MARCH 2021

The Prophet Muhammad Meets the Angels

In 2018, The David Collection organised The Human Figure in Islamic Art: Holy Men, Princes, and Commoners. This 15th-century album leaf shows the Prophet meeting the Angels with 10,000 wings and the Angel with four heads by Sultan Ali.

Most people believe that it is forbidden to depict human figures in Islamic art, or at least images of the Prophet Muhammad. As Kjeld von Folsach, Director of the David Collection, Copenhagen, wrote about this exhibition: β€˜This is not correct, though it can be considered a qualified truth. It is correct that in many religious contexts there was and still is a reluctance or caution, with regard to figurative renditions… Muslim views of this have changed throughout the ages and can vary according to different geographical locations, and in different strata of society.
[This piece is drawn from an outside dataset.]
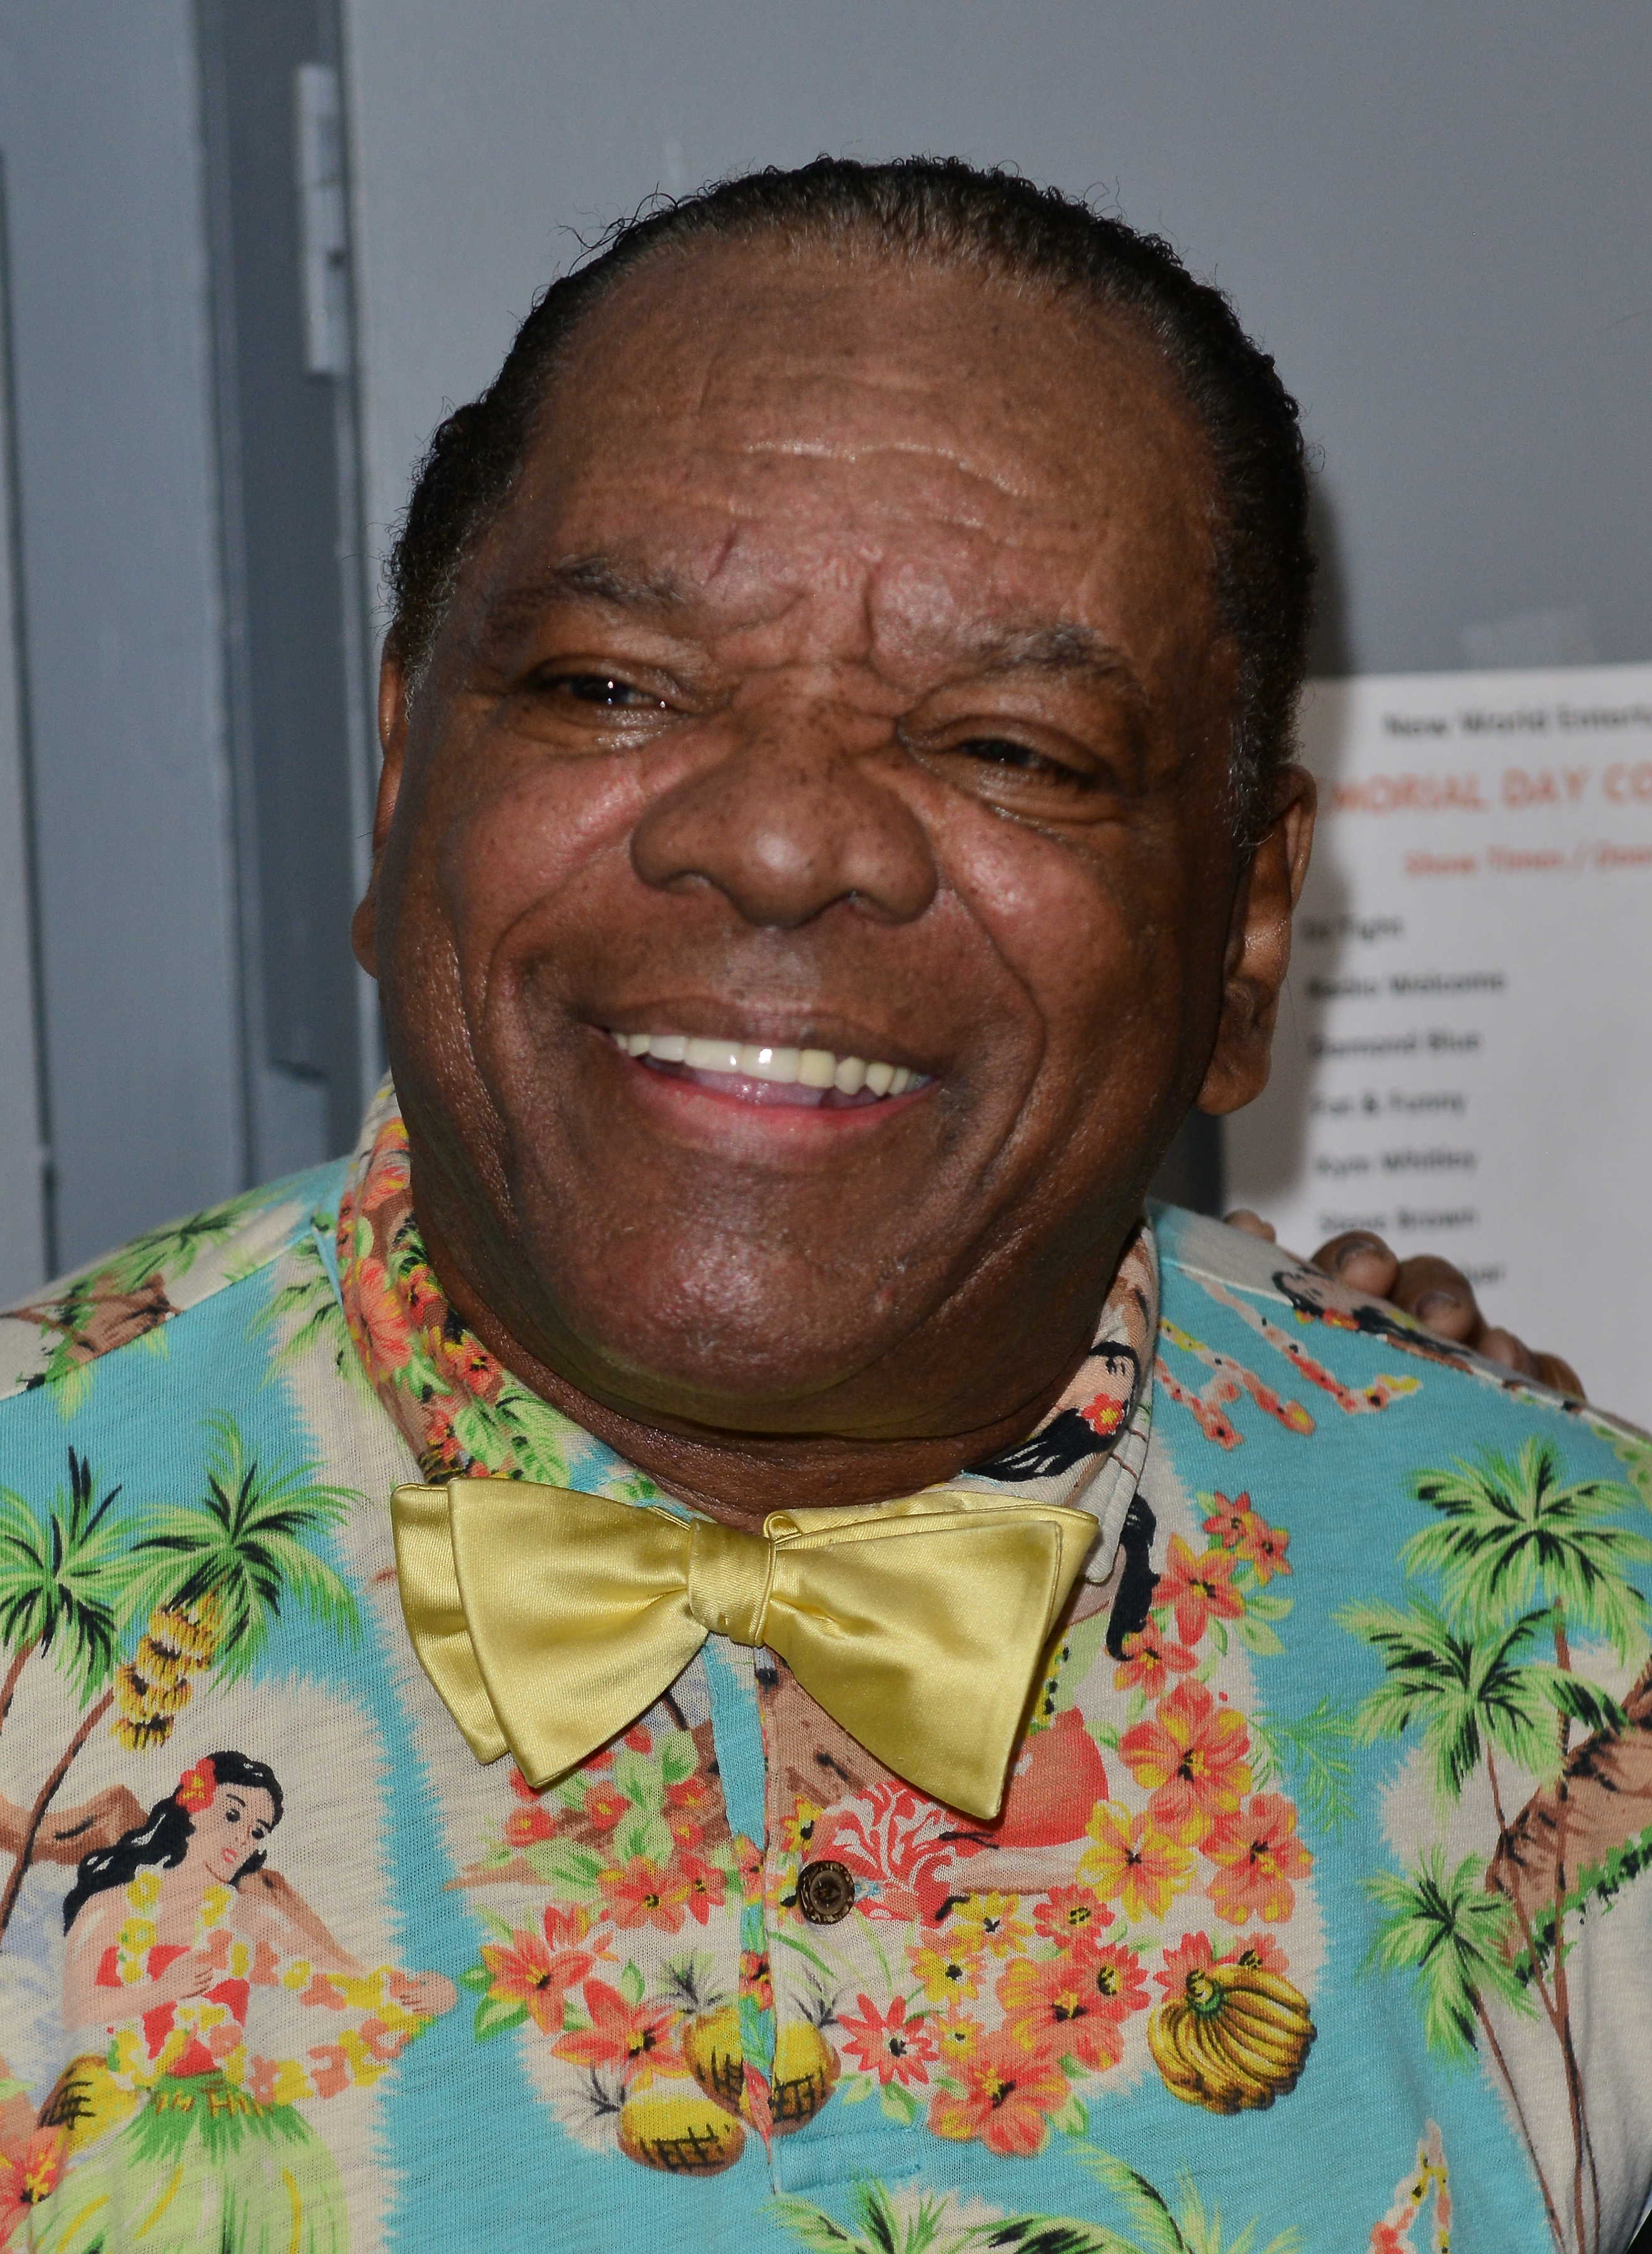 John "Pops" Witherspoon Sends Bill Cosby A

While some Muslims have criticised and destroyed human depictions, believing them to be idols, other have from the very beginning of the Islamic era, commissioned works of art with human figures as an essential element.’

The exhibition focused on this highly debateable subject with 75 works from the David Collections’ masterpieces created up to about 1850, all of them featuring in different ways human figures in Islamic art. A catalogue accompanied the exhibition.

The Prophet Muhammad Meets the Angel with 10,000 Wings & the Angel with Four Heads by Sultan Ali. Miniature from a copy of al-Sarah’s Nahj al-faradis (The Paths of Paradise) Herat, Iran, circa 1465, album leaf 40.8 x 30cm, The David Collection, Copenhagen, Denmark.